How can I efficiently handle multiple Perl search/replace operations on the same string?

13,851

Solution 1

Problem #1

As there doesn't appear to be much structure shared by the individual regexes, there's not really a simpler or clearer way than just listing the commands as you have done. One common approach to decreasing repetition in code like this is to move $text into $_, so that instead of having to say:

$text =~ s/foo/bar/g;

You can just say:

s/foo/bar/g;

A common idiom for doing this is to use a degenerate for() loop as a topicalizer:

for($text)
{
  s/foo/bar/g;
  s/qux/meh/g;
  ...
}

The scope of this block will preserve any preexisting value of $_, so there's no need to explicitly localize $_.

At this point, you've eliminated almost every non-boilerplate character -- how much shorter can it get, even in theory?

Unless what you really want (as your problem #2 suggests) is improved modularity, e.g., the ability to iterate over, report on, count etc. all regexes.

Problem #2

You can use the qr// syntax to quote the "search" part of the substitution:

my $search = qr/(<[^>]+>)/;
$str =~ s/$search/foo,$1,bar/;

However I don't know of a way of quoting the "replacement" part adequately. I had hoped that qr// would work for this too, but it doesn't. There are two alternatives worth considering:

1. Use eval() in your foreach loop. This would enable you to keep your current %rxcheck2 hash.
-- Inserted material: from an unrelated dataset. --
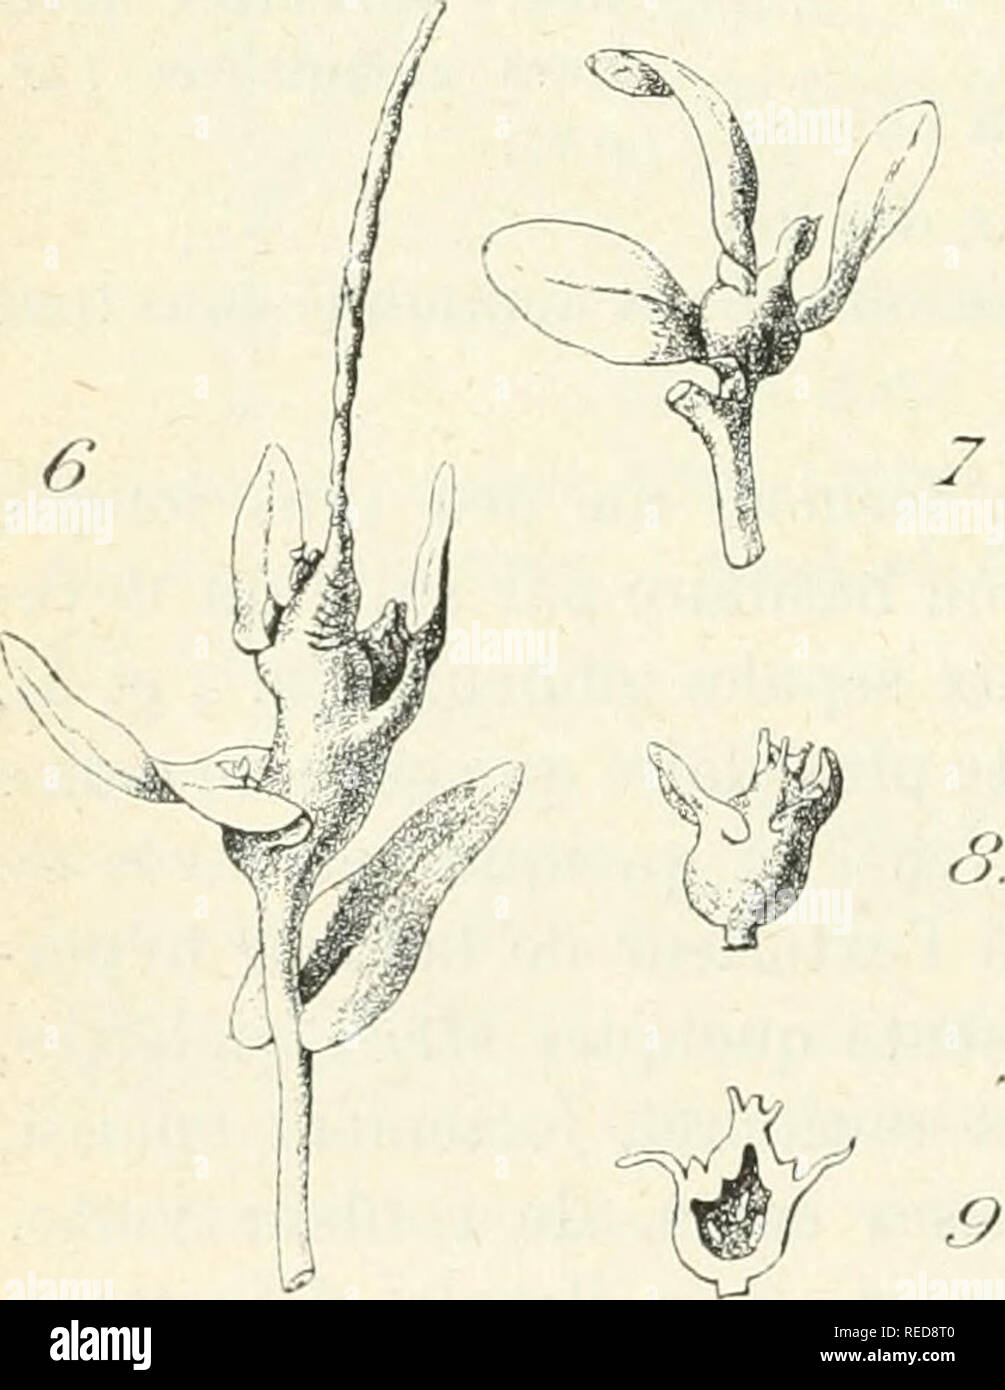 . Compte rendu. Science; Science -- Congresses. Diptérocécidie florale de Moricandia arvensis var. sujffruticosa. Fig. 4- — Aspect d'une fleur saine ( gr. 0,8). Fig. 5. Inflorescence et fleur parasitée ( gr. 0,8).. Diptérocécidie caulinaire de Morican- dia arvensis var. suffruticosa. Fig. 6. — Galle située dans Tinflores- cence(gr. 0,8). Fig. 7. — Région terminale parasitée d'un rameau jeune ( gr. 0,8). Fig. S. — Cécidie terminale de forme globuleuse ( gr. 0,8). Fig. 9. — Section longitudinale de la galle précédente (gr. 0,8).. Please note that these images are extracted from scanned page imag Stock Photo

Downside: you should always be concerned about safety with string eval()s.

2. Use an array of anonymous subroutines:

my @replacements = (
    sub { $_[0] =~ s/<[^>]+>/ /g; },
    sub { $_[0] =~ s/\s+/ /g; },
    sub { $_[0] =~ s/[\(\{\[]\d+[\(\{\[]/ /g; },
    sub { $_[0] =~ s/\s+[<>]+\s+/\. /g },
    sub { $_[0] =~ s/\s+/ /g; },
    sub { $_[0] =~ s/\.*\s*[\*|\#]+\s*([A-Z\"])/\. $1/g; },
    sub { $_[0] =~ s/\.\s*\([^\)]*\) ([A-Z])/\. $1/g; }
);

# Assume your data is in $_
foreach my $repl (@replacements) {
    &{$repl}($_);
}

You could of course use a hash instead with some more useful key as the hash, and/or you could use multivalued elements (or hash values) including comments or other information.

Solution 2

You say you are dealing with HTML. You are now realizing that this is pretty much a losing battle with fleeting and fragile solutions.

A proper HTML parser would be make your life easier. HTML::Parser can be hard to use but there are other very useful libraries on CPAN which I can recommend if you can specify what you are trying to do rather than how.

Solution 3

Hashes are not good because they are unordered. I find an array of arrays whose second array contains a compiled regex and a string to eval (actually it is a double eval) works best:

#!/usr/bin/perl

use strict;
use warnings;

my @replace = (
    [ qr/(bar)/ => '"<$1>"' ],
    [ qr/foo/   => '"bar"'  ],
);

my $s = "foo bar baz foo bar baz";

for my $replace (@replace) {
    $s =~ s/$replace->[0]/$replace->[1]/gee;
}

print "$s\n";

I think j_random_hacker's second solution is vastly superior to mine. Individual subroutines give you the most flexibility and are an order of magnitude faster than my /ee solution:

bar <bar> baz bar <bar> baz
bar <bar> baz bar <bar> baz
         Rate refs subs
refs  10288/s   -- -91%
subs 111348/s 982%   --

Here is the code that produces those numbers:

#!/usr/bin/perl

use strict;
use warnings;

use Benchmark;

my @subs = (
    sub { $_[0] =~ s/(bar)/<$1>/g },
    sub { $_[0] =~ s/foo/bar/g },
);

my @refs = (
    [ qr/(bar)/ => '"<$1>"' ],
    [ qr/foo/   => '"bar"'  ],
);

my %subs = (
    subs => sub {
        my $s = "foo bar baz foo bar baz";
        for my $sub (@subs) {
            $sub->($s);
        }
        return $s;
    },
    refs => sub {
        my $s = "foo bar baz foo bar baz";
        for my $ref (@refs) {
            $s =~ s/$ref->[0]/$ref->[1]/gee;
        }
        return $s;
    }
);

for my $sub (keys %subs) {
    print $subs{$sub}(), "\n";
}

Benchmark::cmpthese -1, \%subs;
Share:
13,851
Jeff
Author by

Jeff

Updated on June 07, 2022

Comments

  • Jeff
    Jeff about 2 years

    So my Perl script basically takes a string and then tries to clean it up by doing multiple search and replaces on it, like so:

    $text =~ s/<[^>]+>/ /g;
    $text =~ s/\s+/ /g;
    $text =~ s/[\(\{\[]\d+[\(\{\[]/ /g;
    $text =~ s/\s+[<>]+\s+/\. /g;
    $text =~ s/\s+/ /g;
    $text =~ s/\.*\s*[\*|\#]+\s*([A-Z\"])/\. $1/g; # replace . **** Begin or . #### Begin or ) *The 
    $text =~ s/\.\s*\([^\)]*\) ([A-Z])/\. $1/g; # . (blah blah) S... => . S...
    

    As you can see, I'm dealing with nasty html and have to beat it into submission.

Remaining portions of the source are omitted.